## [INFORMATION SHOWN]
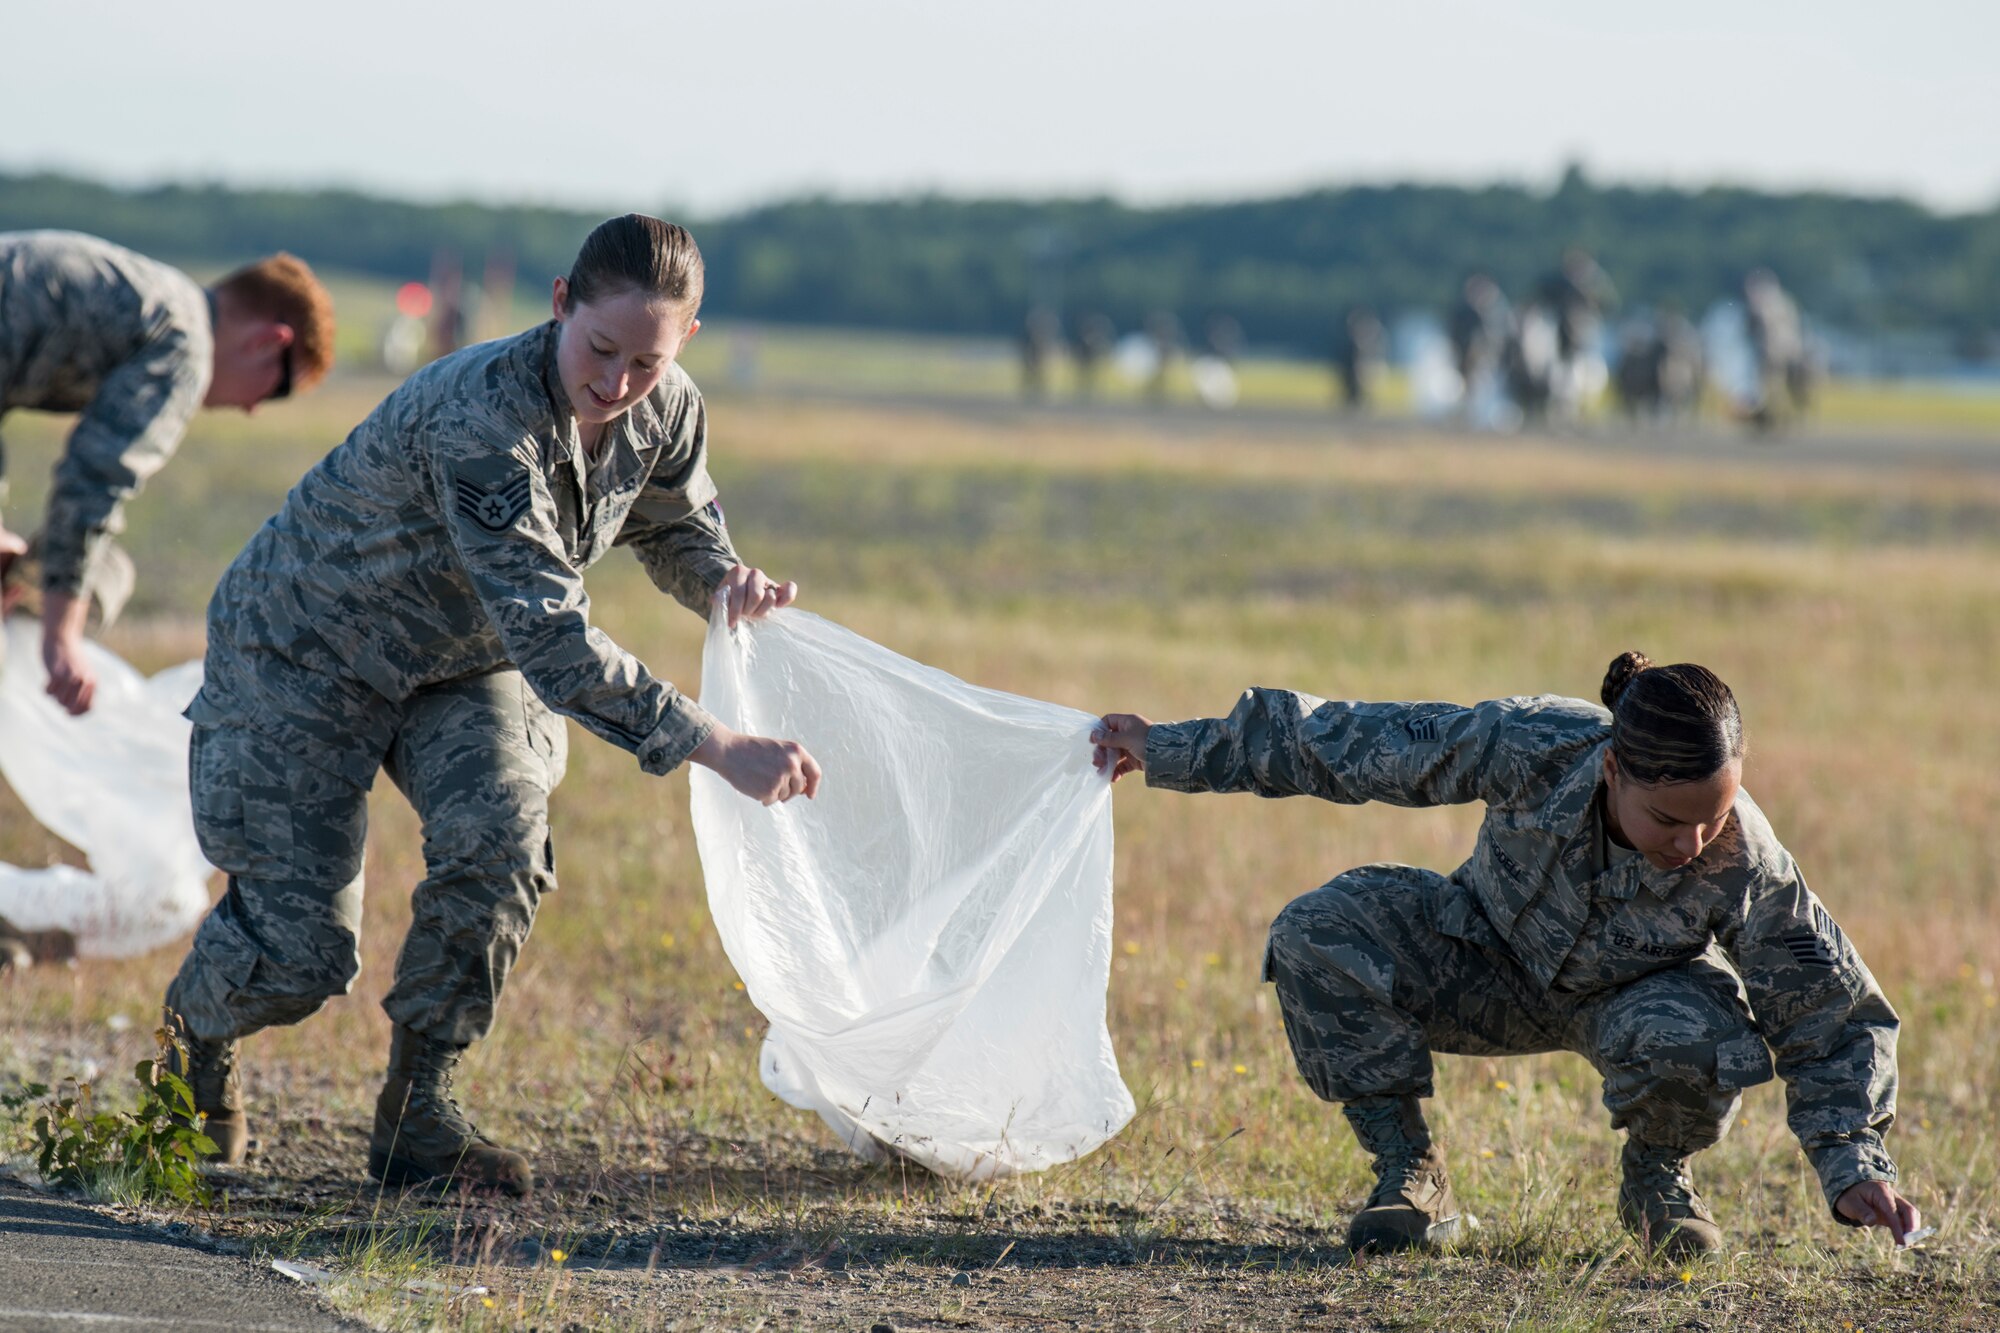 Staff Sgts. Kelsey Padula and Amanda Woodell, both 3rd Munitions Squadron muntions systems crew chiefs, pick up trash during a foreign object and debris walk at Joint Base Elmendorf-Richardson, Alaska, July 2, 2018. The JBER Airmen conducted the FOD walk after the Arctic Thunder Open House to remove debris that could damage aircraft and hinder mission readiness.
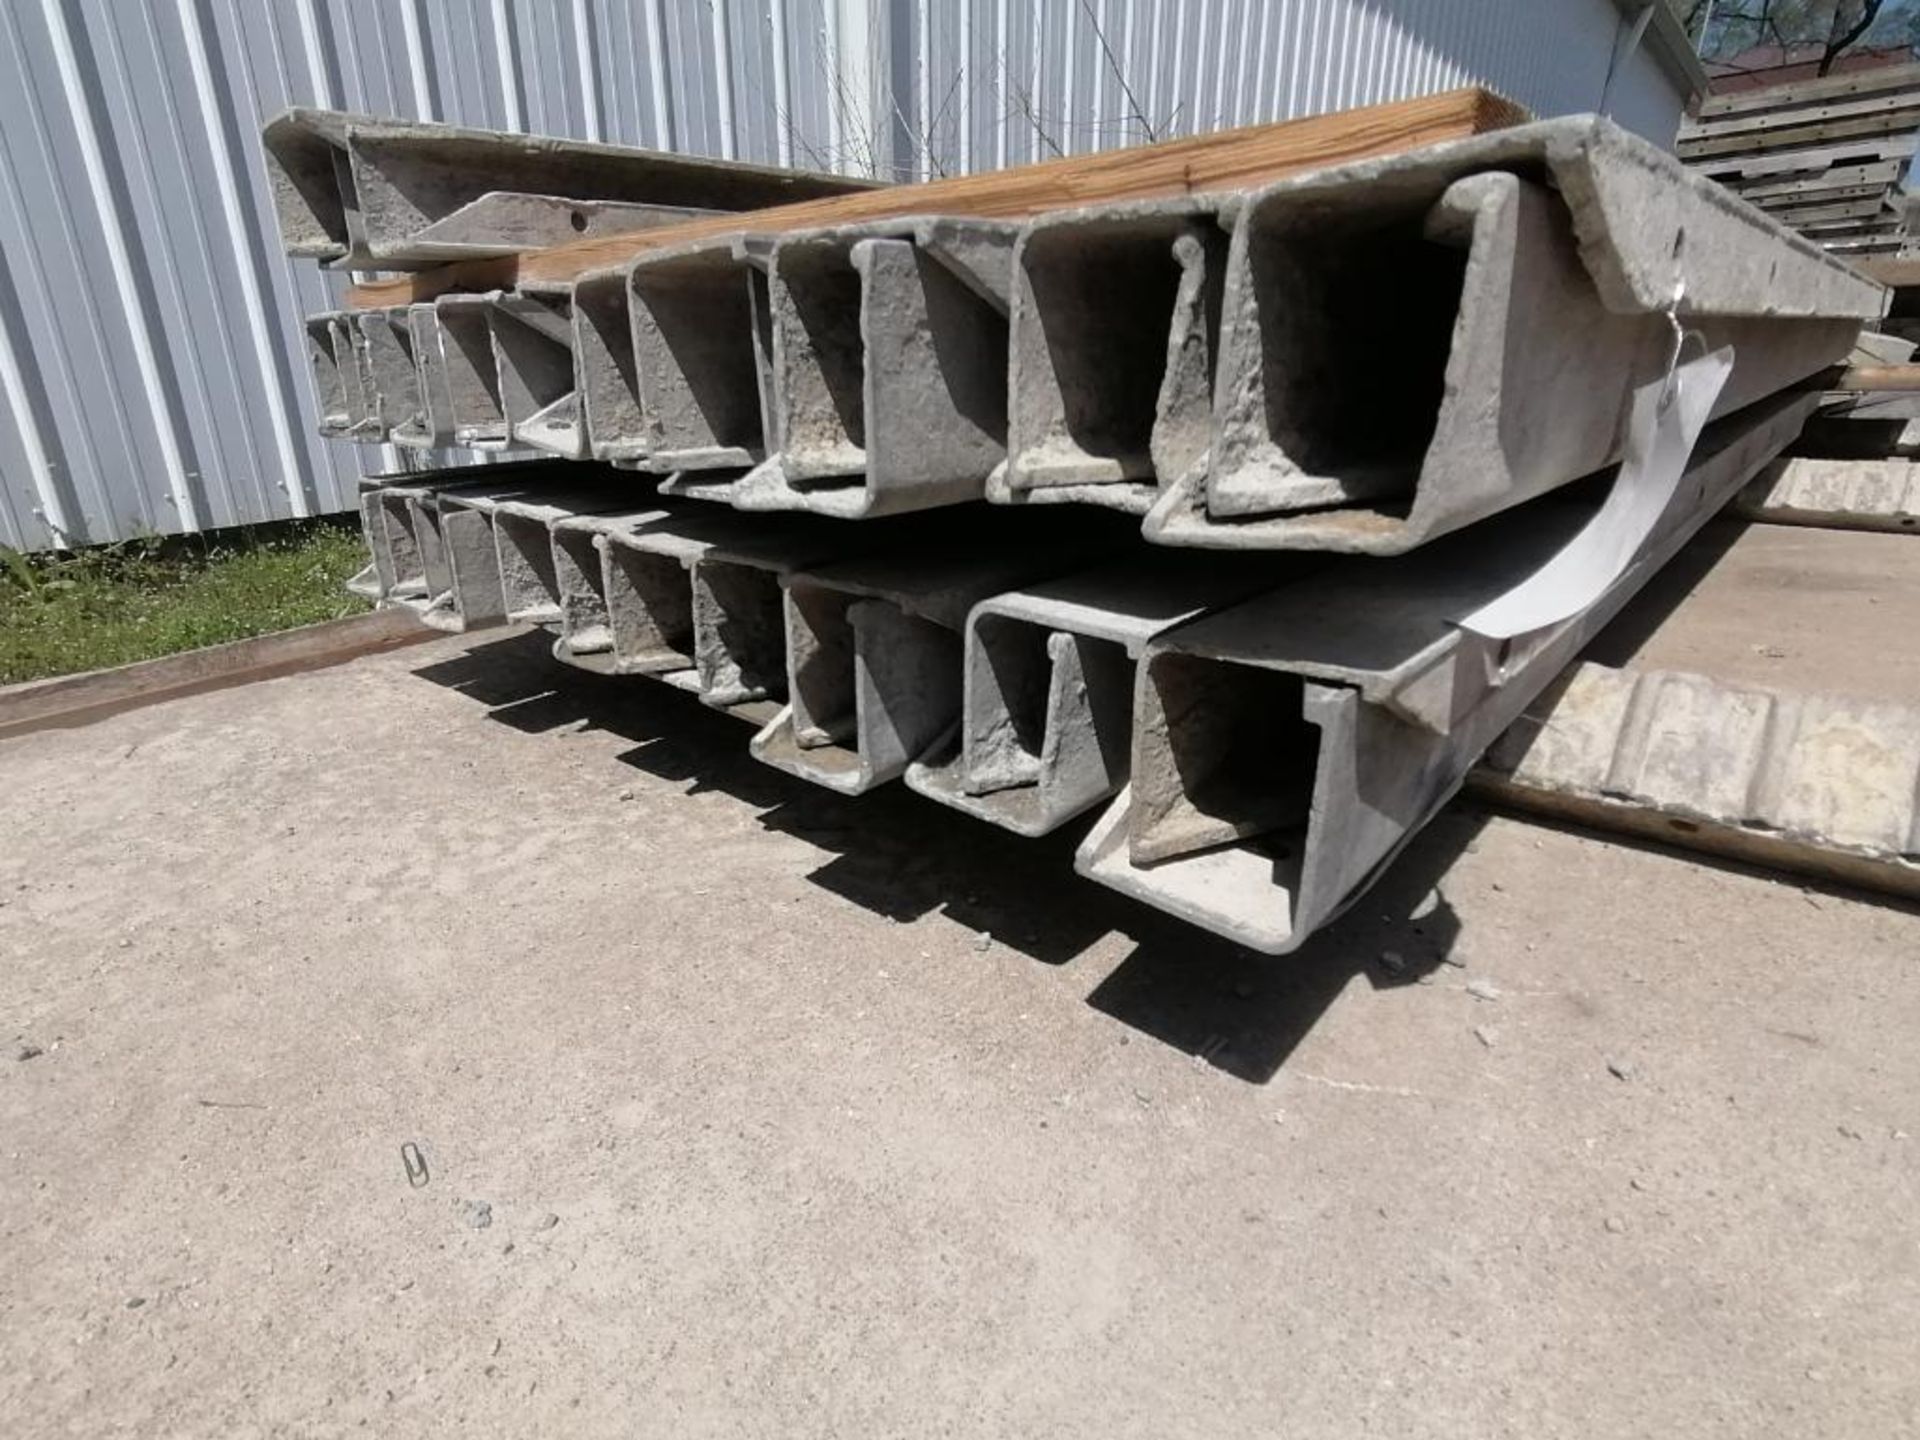 (10) 4" x 4" x 8' Wall-Ties Smooth Aluminum Concrete Forms 6-12 Hole Pattern. Located in Mt.
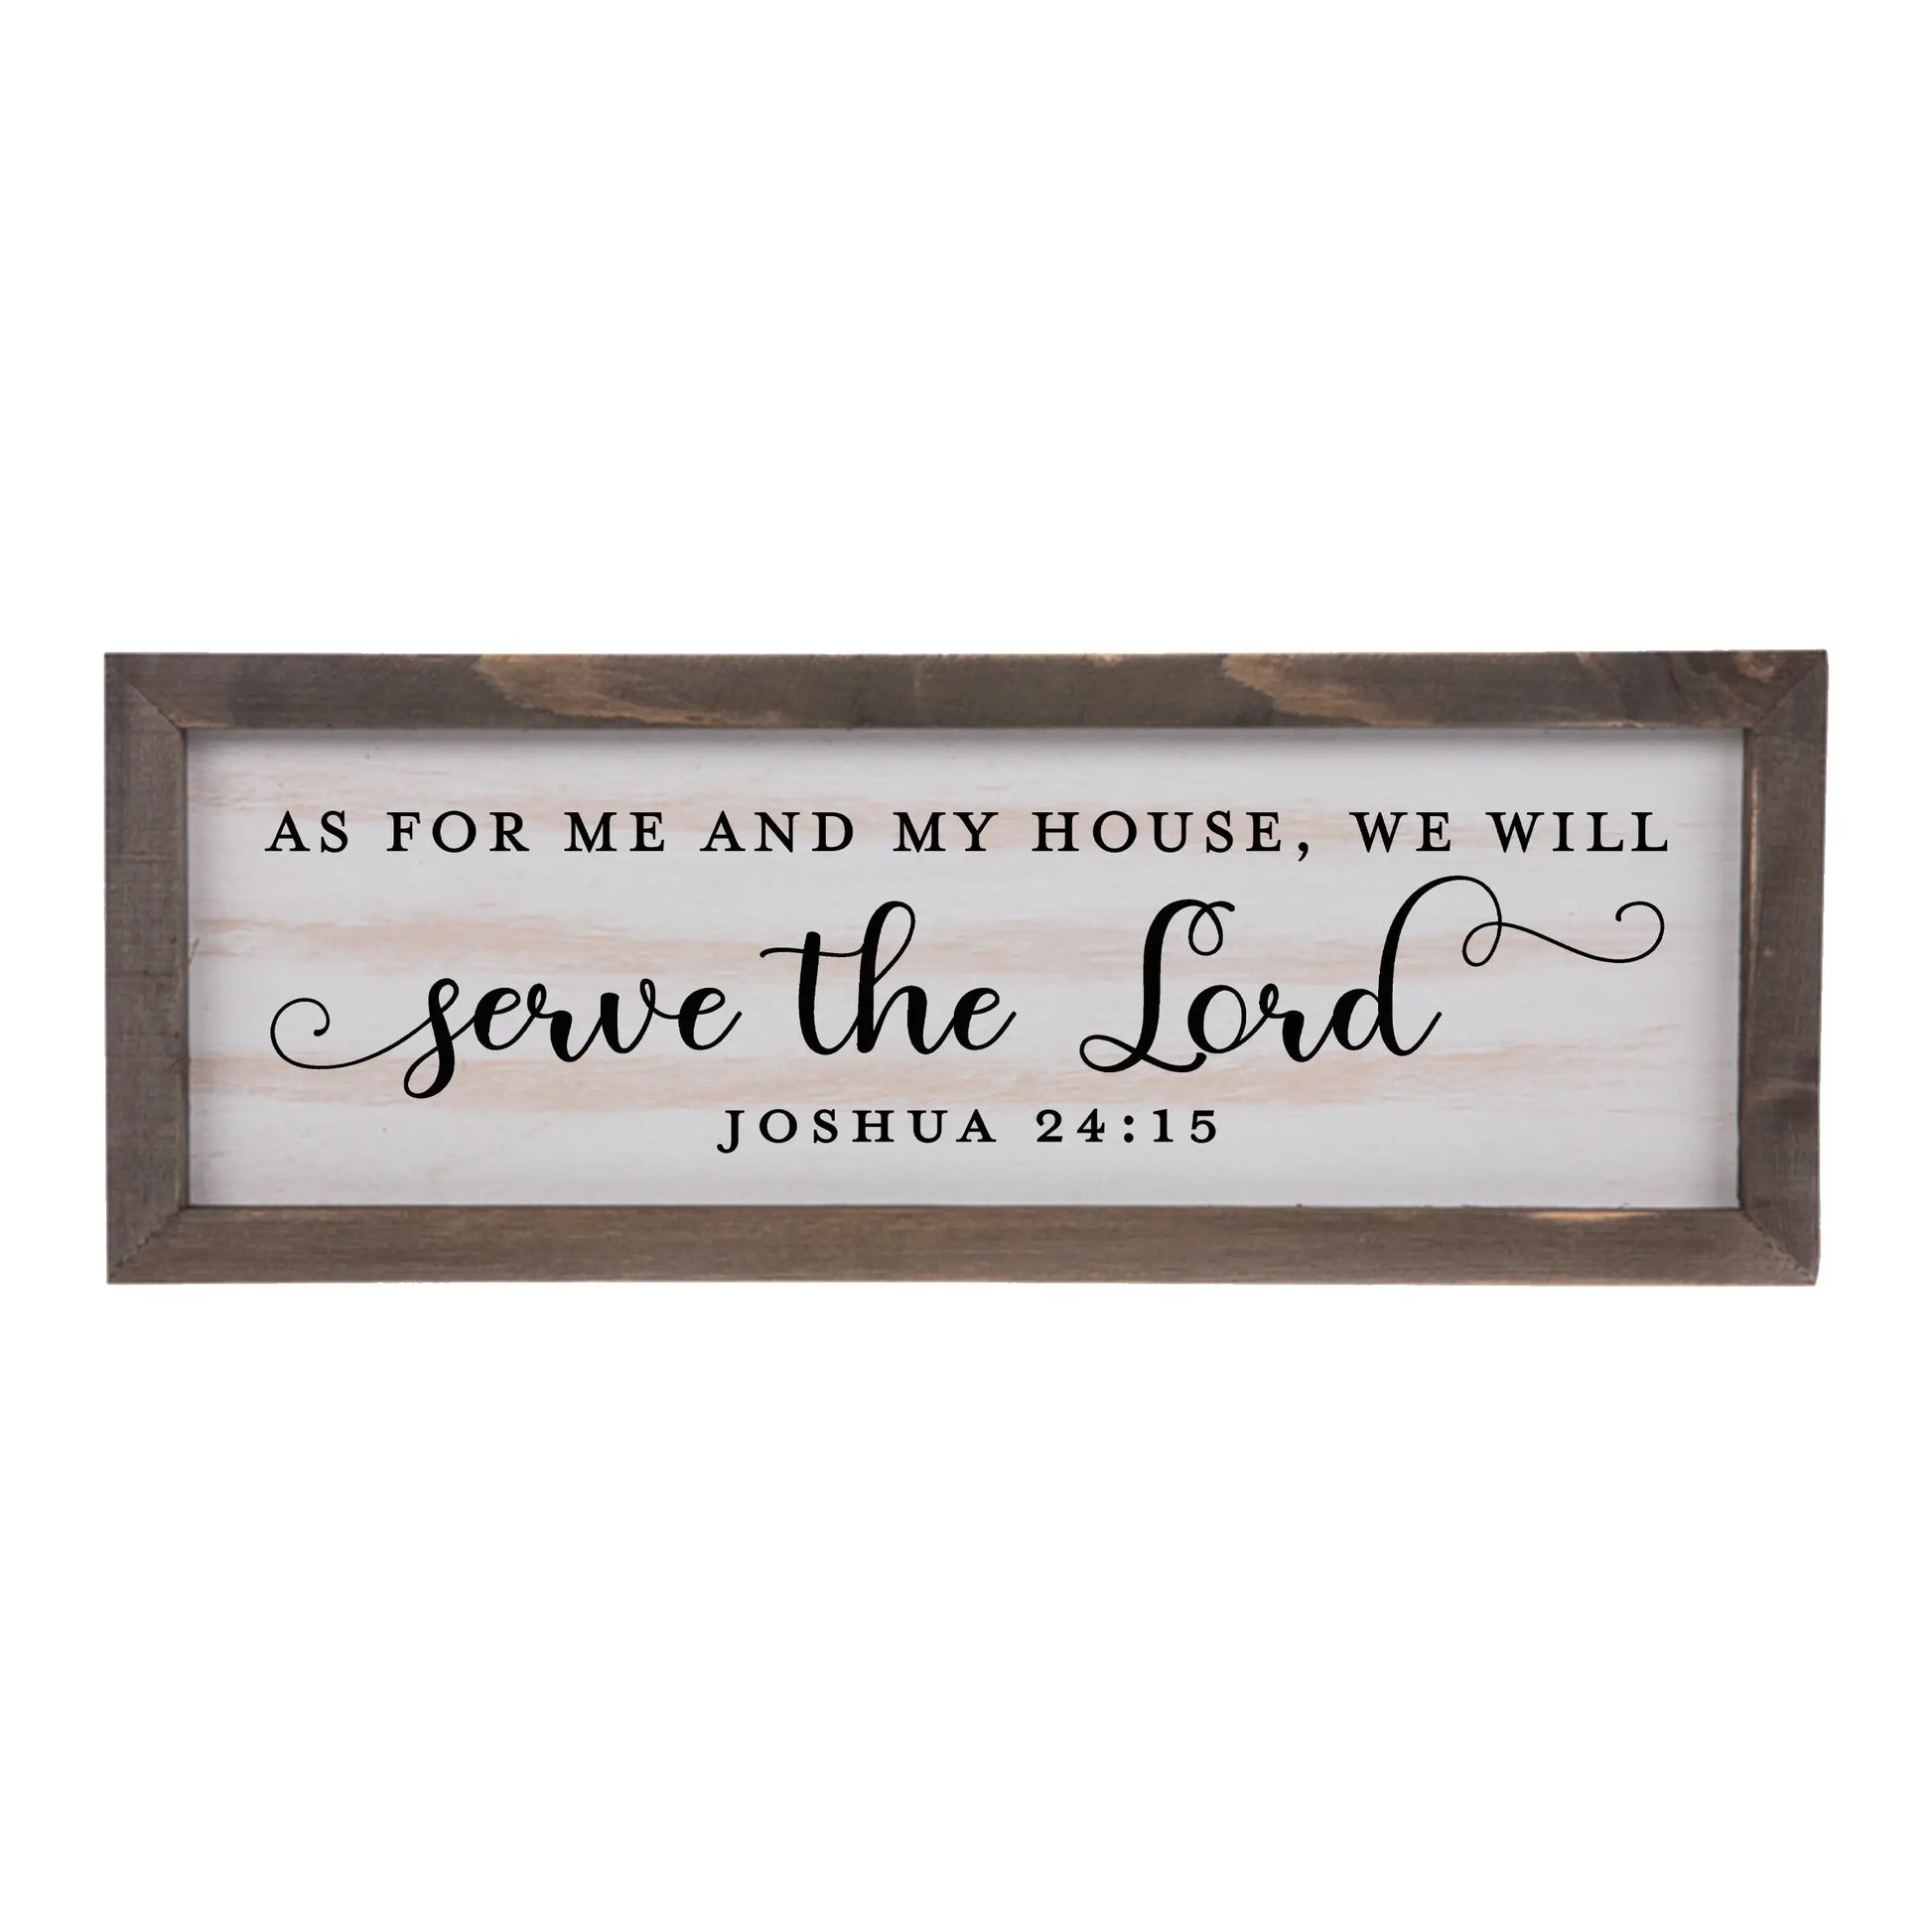 As for Me and My House We Will Serve the Lord Rustic Whitewash Wood Frame Scripture Sign | 5.5" x 15" Small Farmhouse Decor amazingfaithdesigns

## [WHAT IS BEING ASKED]
I would like the material above returned exactly as it stands, without its pictures.

## [RESULT OF THE EXERCISE]
 Staff Sgts. Kelsey Padula and Amanda Woodell, both 3rd Munitions Squadron muntions systems crew chiefs, pick up trash during a foreign object and debris walk at Joint Base Elmendorf-Richardson, Alaska, July 2, 2018. The JBER Airmen conducted the FOD walk after the Arctic Thunder Open House to remove debris that could damage aircraft and hinder mission readiness.
 (10) 4" x 4" x 8' Wall-Ties Smooth Aluminum Concrete Forms 6-12 Hole Pattern. Located in Mt.
 As for Me and My House We Will Serve the Lord Rustic Whitewash Wood Frame Scripture Sign | 5.5" x 15" Small Farmhouse Decor amazingfaithdesigns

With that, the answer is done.